The implication is structural. The evolutionary kernel optimization approach -- maintain a population of kernels, iterate with LLM-proposed modifications, filter by hardware execution speedup -- is hardware-agnostic. The model needs to know the programming interface (Triton, MACA, HIP, Metal), and the evaluation service needs to be backend-specific. But the optimization loop itself is the same. You build a backend-specific evaluation service, feed it the appropriate compiler and runtime, train a model on evolution trajectories from that backend, and you have a kernel optimizer for that hardware.

This is directly relevant to anyone thinking about hardware alternatives to NVIDIA in the current infrastructure market. The CUDA ecosystem's dominance comes partly from the decades of accumulated kernel optimization work -- cuBLAS, cuDNN, CUTLASS, FlashAttention -- that simply doesn't exist for alternatives at the same depth. If evolutionary LLM optimization can close that gap -- if you can spin up a Kernel-Smith instance for any new hardware backend in weeks rather than years -- the moat narrows.

The GPU Kernel Scientist paper (arXiv 2506.20807, this week) takes the same principle to AMD HIP specifically. Three LLM stages -- Gemini 2.5 Flash for rapid generation, Gemini 2.5 Pro for higher-quality improvements -- orchestrating iterative AMD HIP kernel optimization. Starting point: a direct CUDA-to-HIP translation that ran 6x slower than PyTorch's baseline. The system autonomously applied loop transformations, memory access pattern reorganization, AMD-specific intrinsics, and fast math substitutions across multiple iterations until it reached competitive performance.

6x behind PyTorch to competitive in an automated loop on AMD hardware. Not from a specialized AMD kernel expert. From general-purpose LLMs with execution feedback as the guide.

The thing that the entire kernel optimization space has been building toward: making the "execution feedback → next modification" loop tight, reliable, and hardware-aware enough that it can discover optimizations humans would find, plus the interaction effects humans miss.

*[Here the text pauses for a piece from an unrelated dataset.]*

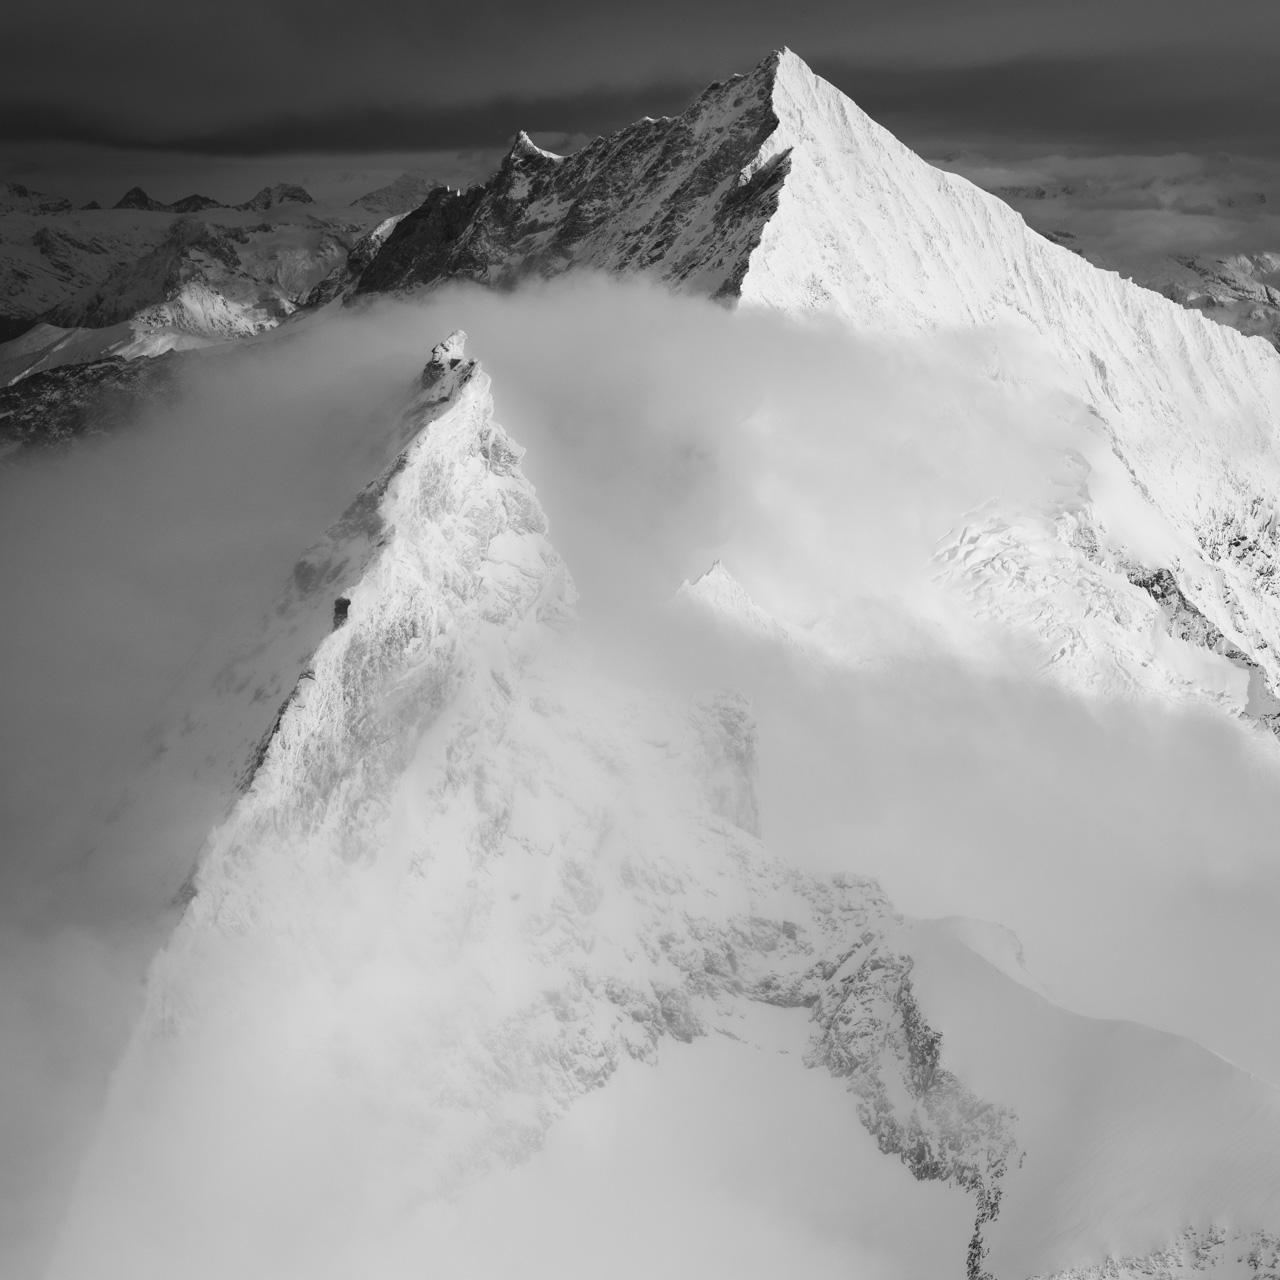 photo montagne noir et blanc neige zermatt

Kernel-Smith's step-centric RL is the training regime that makes the local improver better than the one-shot generator. The population-based evolutionary search is the exploration strategy that avoids local optima. The backend-specific evaluation service is what grounds every claim in real hardware numbers rather than model predictions.

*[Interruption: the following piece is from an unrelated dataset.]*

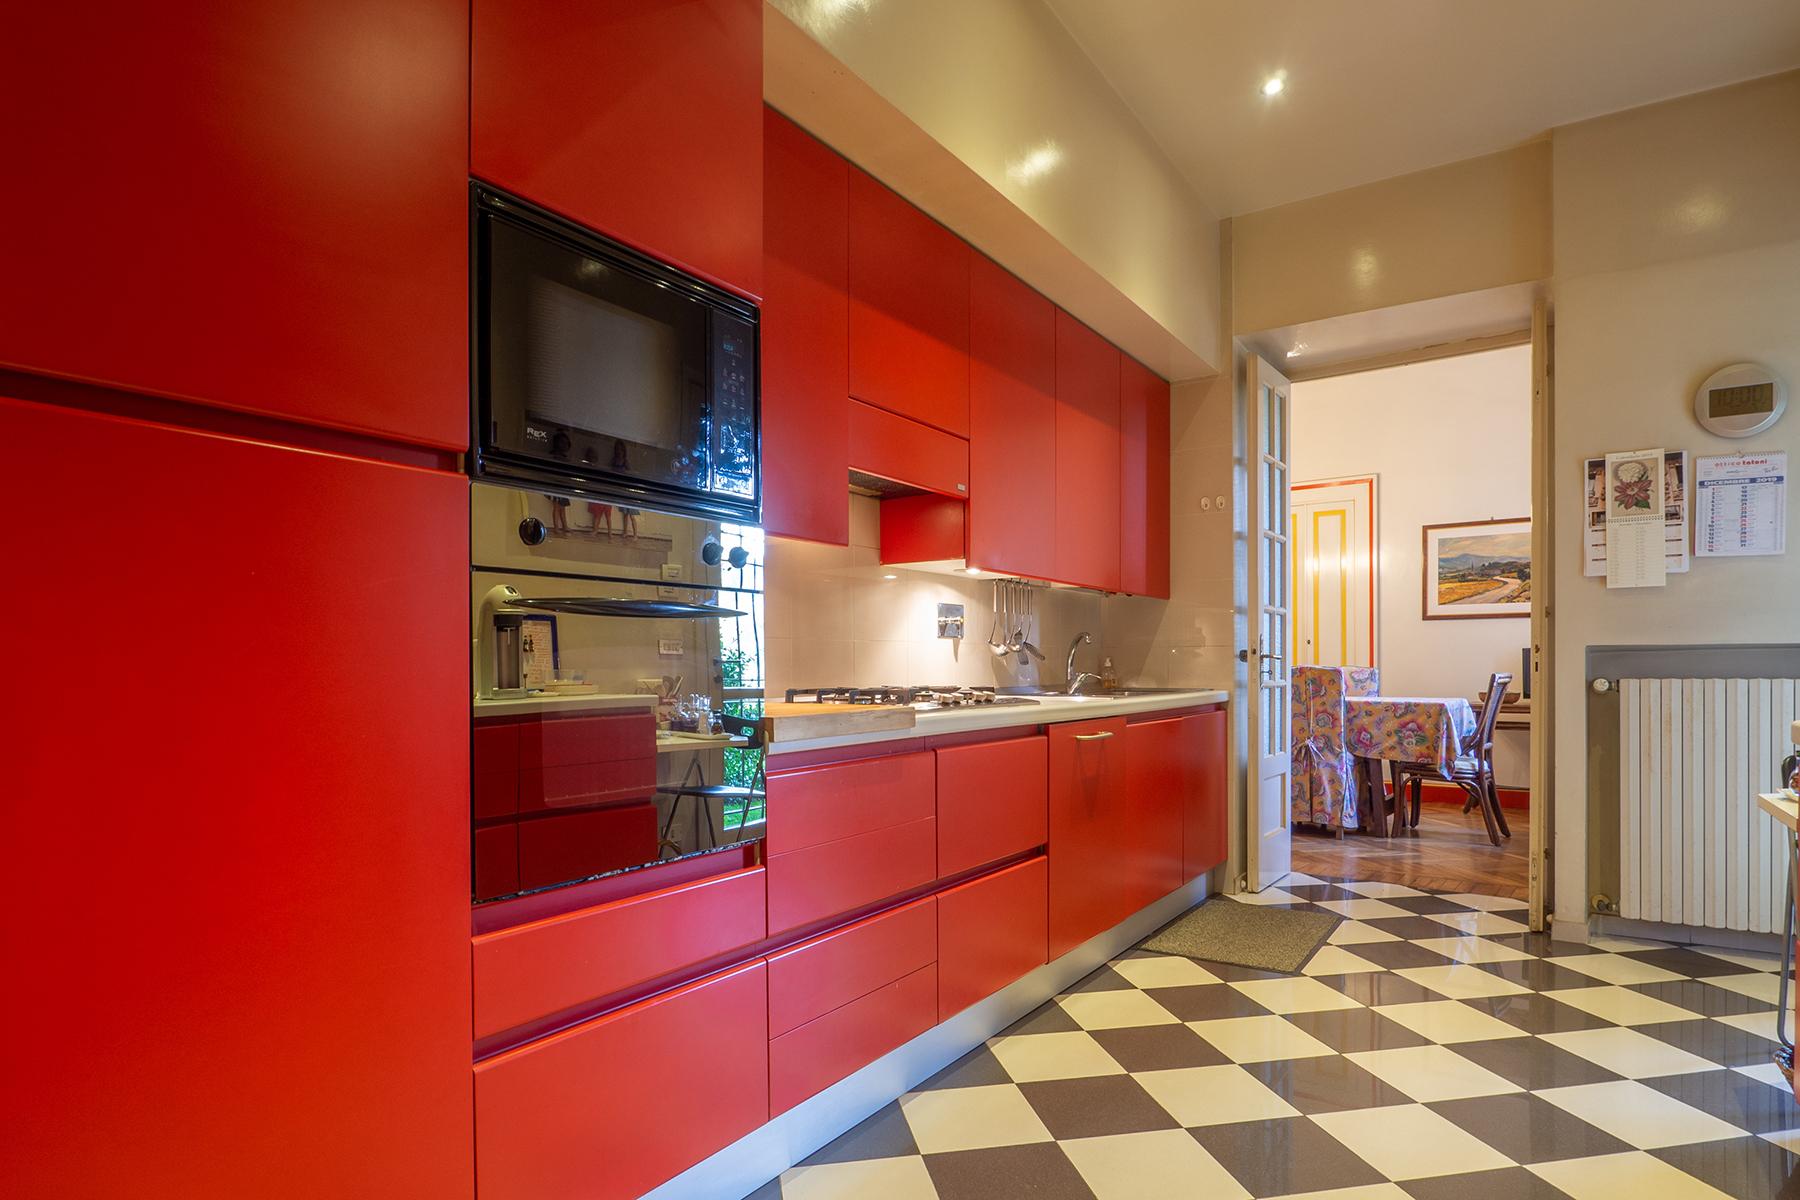 Casa indipendente in Vendita a Torino: 5 locali, 657 mq - Foto 10

And it shipped to production.

the one-shot generator learns patterns.

the local improver learns to navigate the optimization space one step at a time, guided by what the hardware actually measured.

these are not the same capability. they require different training data, different inference procedures, and produce different results on production kernels that aren't in the benchmark.

kernel-smith is the first system that trains specifically for the second capability.

it then contributed those optimizations to sglang and lmdeploy. the same loop that generated benchmark results generated production improvements. that is the bar nobody else has cleared.

P.S. The "correctness-preserving, high-gain revisions" filter is doing more work than it looks like. Long evolution trajectories contain a lot of noise -- modifications that improve performance on one input size but degrade it on another, modifications that only help because the preceding step created an artifact, modifications that improve the measured latency but increase variance in a way that hurts P99. Filtering to "correctness-preserving, high-gain" means the RL signal only reinforces modifications that unambiguously improve the kernel across validation inputs and produce consistent timing improvements. This is the eval-rigorous version of what makes RL training for kernel optimization trustworthy rather than reward-hacky. The filter is the quality control that prevents the model from learning to optimize the measurement rather than the kernel. It's described in two sentences in the paper. It's the engineering decision that makes everything else work.